While GDPR was accused of being ambiguous for its lack of specificity, it looks comprehensive in comparison to the California Consumer Privacy Act. Its very creation was to curb the abusive practices of online businesses trading consumer data for financial income. Unfortunately, through some loose categorization of businesses, the Act has the potential to include websites that collect IP addresses of sites with over 137 unique visitors per day. That is just one example, but there are plenty more. And it matters.

In 2017, over 1.7 billion files were leaked through breaches. After the California Consumer Privacy Act comes into force, organizations mishandling data could be penalized up to $7,500 for each violation, which could add up significantly based on the 2017 data. If you look specifically at data breach penalties across the different states, they vary significantly; Texas imposes civil fines of up to $50,000 per violation while Georgia imposes no penalty at all. For me, this is where the problem lies.

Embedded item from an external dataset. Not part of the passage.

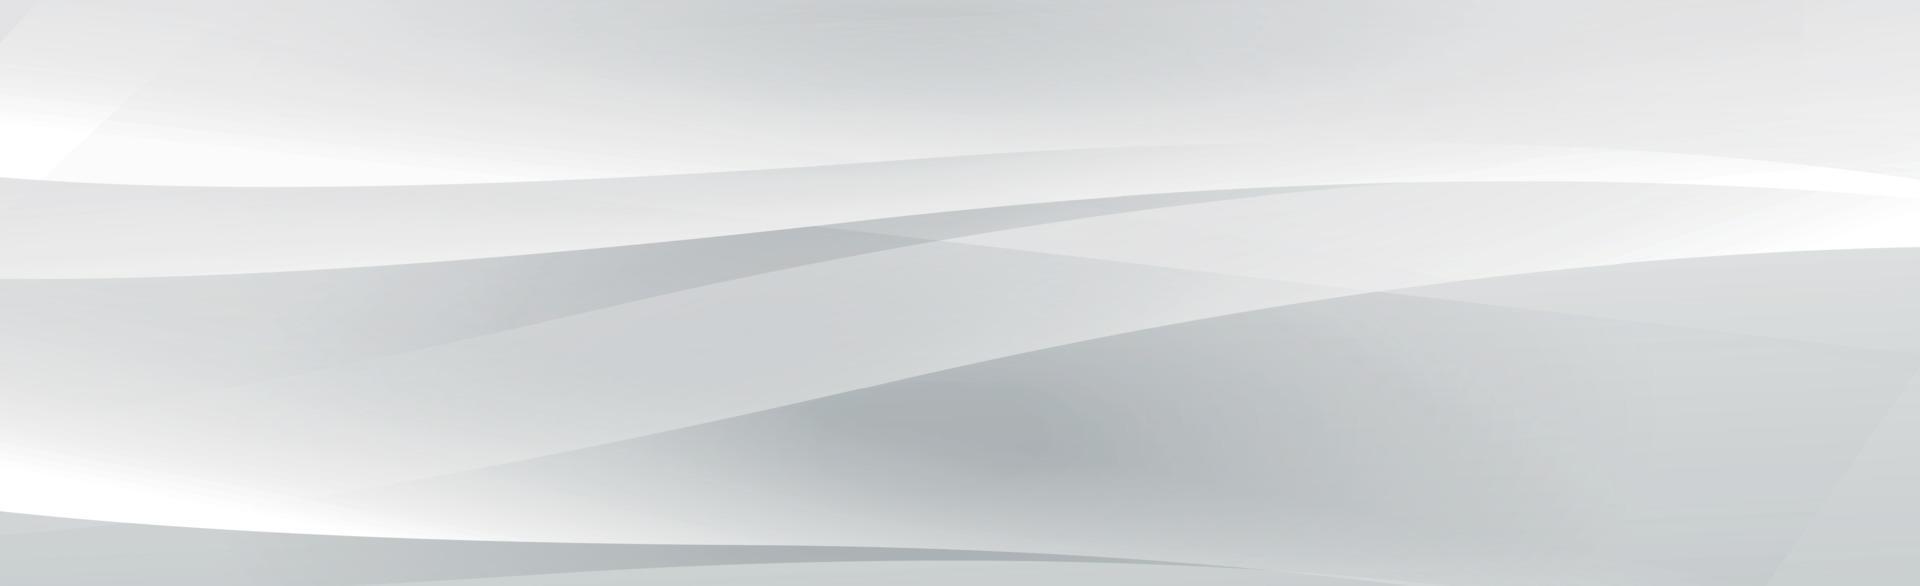 vit vektor panorama bakgrund med vågiga linjer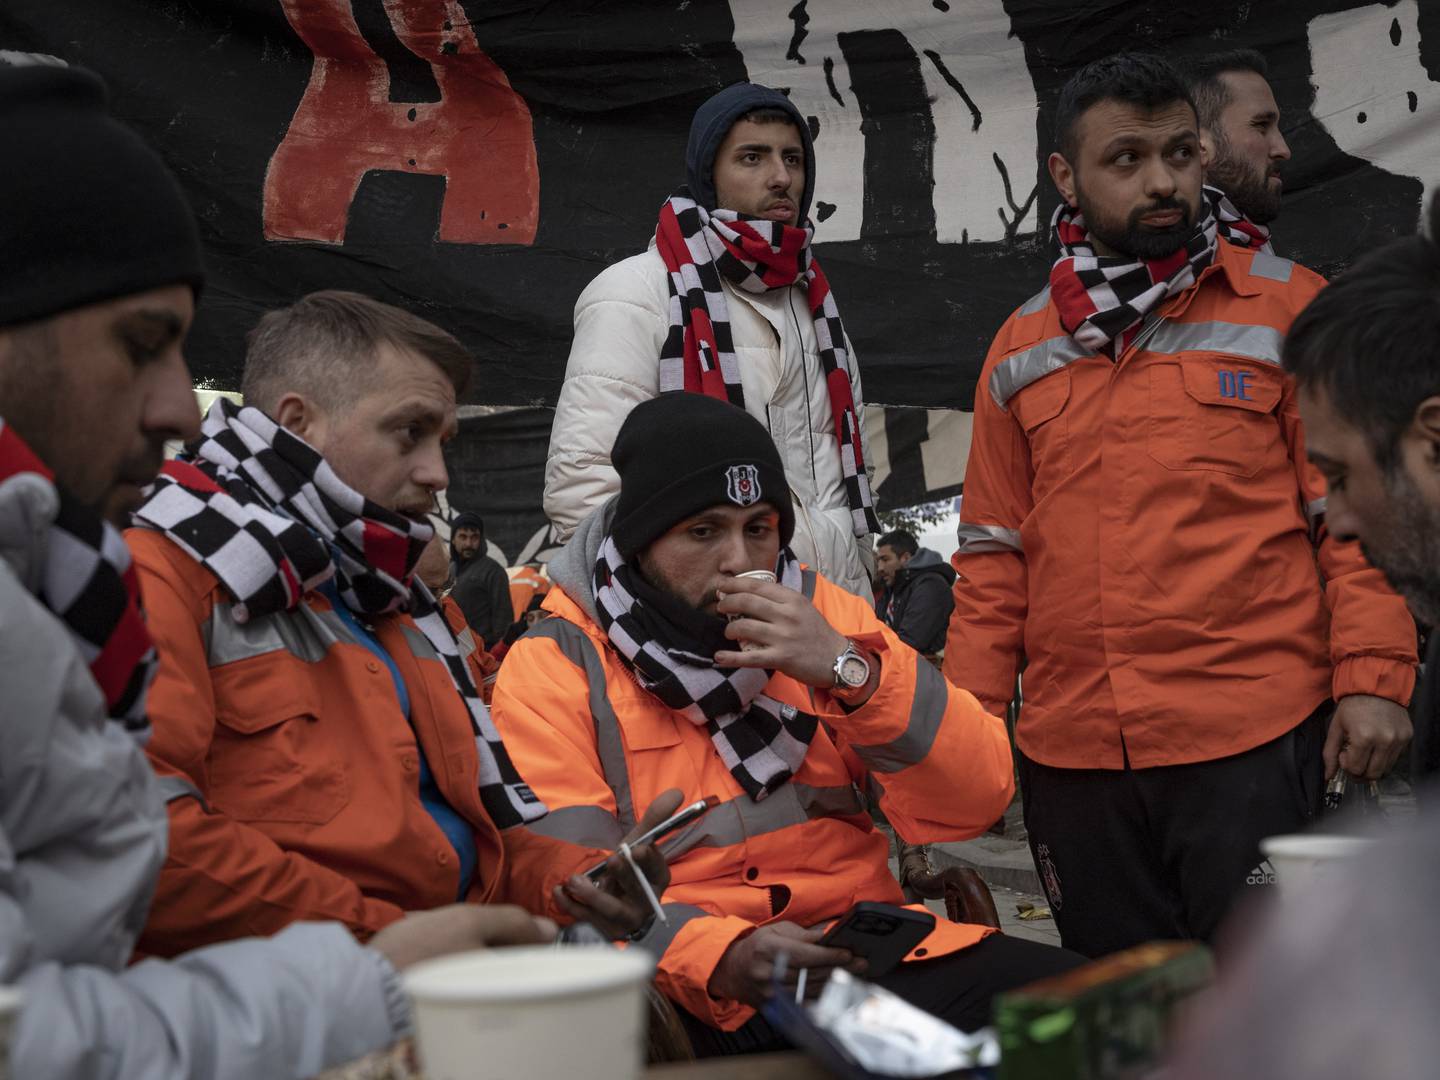 Des supporters du Besiktas Football Club dirigent un camp pour les personnes déplacées par le tremblement de terre à Antakya.  Matt Kynaston.

If each state takes a local approach to data privacy, the United States will become a patchwork of regulation, and unless state laws can come to a common agreement, it might soon become a challenging and less friendly place to do business. That’s not a good thing for anyone.

A discussion draft of a new proposed federal law, “Data Acquisition and Technology Accountability and Security Act,” would pre-empt state breach notification laws, but has received widespread criticism. It isn’t perfect. It’s too focused on notification itself rather than providing consumers with the rights needed for modern, everyday lives. But if it could be adjusted and expanded, it would be a better way of handling state-wide data privacy concerns and data management practices.

What would be preferable is if the law could mirror the GDPR, a very thorough and active piece of regulation. The hard work for legislators is largely done, and it would reduce the compliance costs for American businesses and encourage a fast start. Given we’re now on the backfoot and in desperate need of such a law, common sense says use something global businesses are already working with, rather than the laws 50 states independently create.

California has made the first move, but is it the right one? I’d be keen to hear your views on this.